# Before and After shots



## semojetman (Jul 10, 2011)

Lets see everyones before and after shots of their boat projects.

Here is mine.

BEFORE
1648 Flat Bottom Alumaweld with 90/65 Yamaha Jet






AFTER


----------



## reedjj (Jul 10, 2011)

Man that thing has come a long way. It looks great! You might want to hold off on that blazer for at least a year or so.


----------



## freetofish (Jul 10, 2011)

Nice boat..... I am headed your way to fish a small bass tourney at Wappapello next week end... any advise on what to fish with and where would be appriciated.... we will put in at Sundowner ramp so I don't want to run to the oppsite end of the lake but still looking for advise
peace


----------



## semojetman (Jul 10, 2011)

hey freetofish.
I don't fish wappappello alot but some of my buddies fish it religously so I'll holler at them and get back to you.


----------



## semojetman (Aug 7, 2011)

Sold my boat.
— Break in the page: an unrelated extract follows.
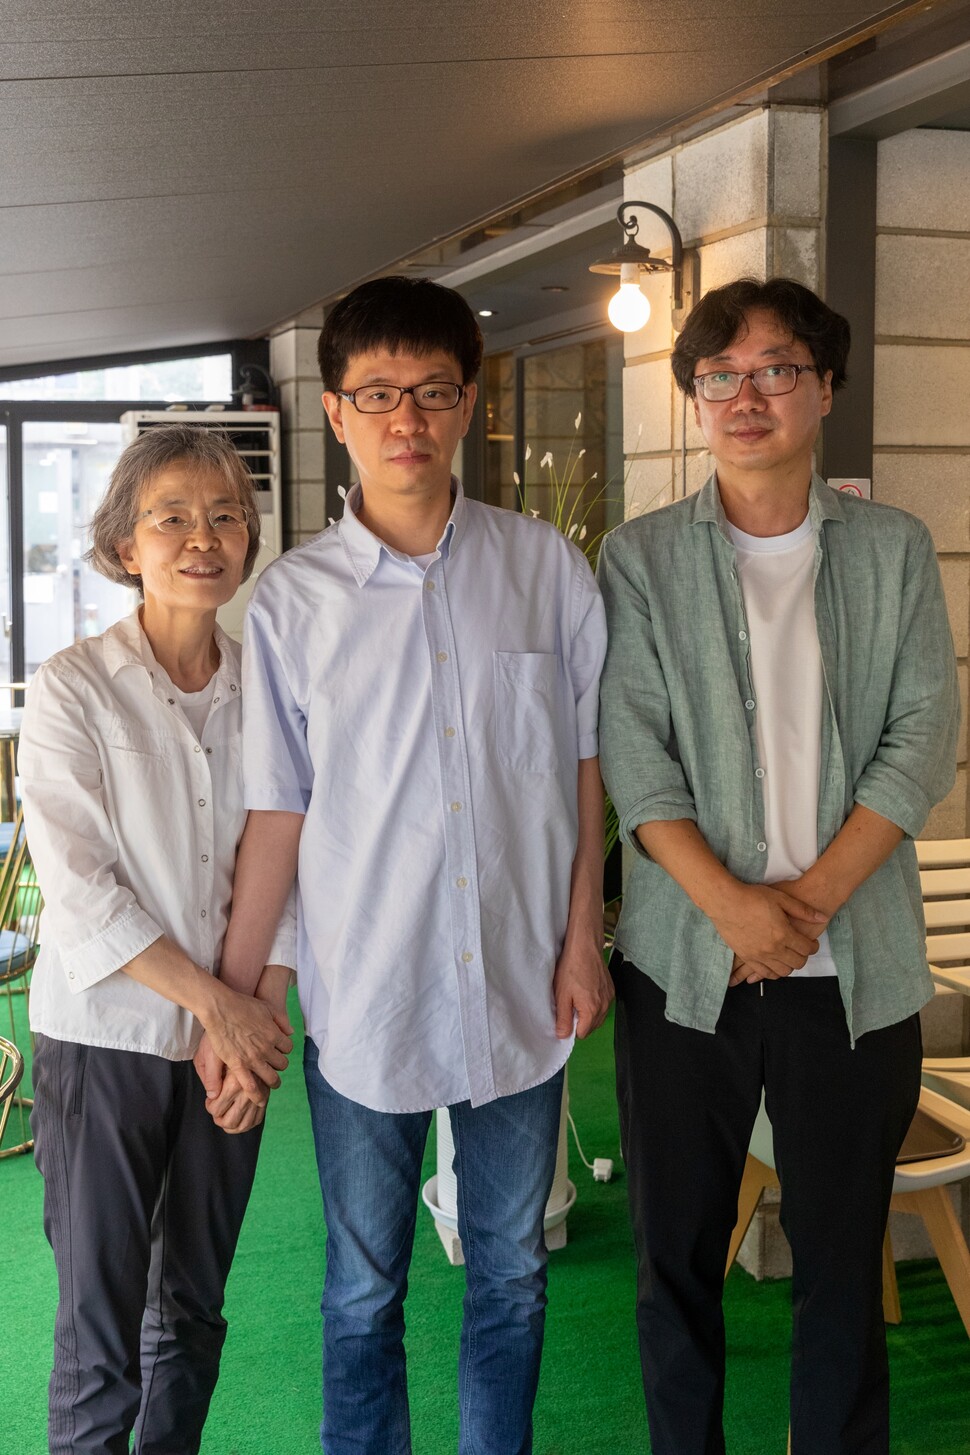 자폐 음악가를 다룬 다큐멘터리영화 <녹턴>의 주인공 은성호씨(가운데)와 어머니 손민서씨(왼쪽), 정관조 감독이 2022년 8월17일 서울 서초구의 한 카페에서 한자리에 섰다.

New boat and pica soon.to come


----------



## Lil' Blue Rude (Aug 7, 2011)

New boat or new boat and motor?


----------



## semojetman (Aug 7, 2011)

New boat and motor, I know I said I wouldn't sell the motor, but I did it. I'm just gonna buy another package deal and run it the rest of the season and see if its a keeper.


----------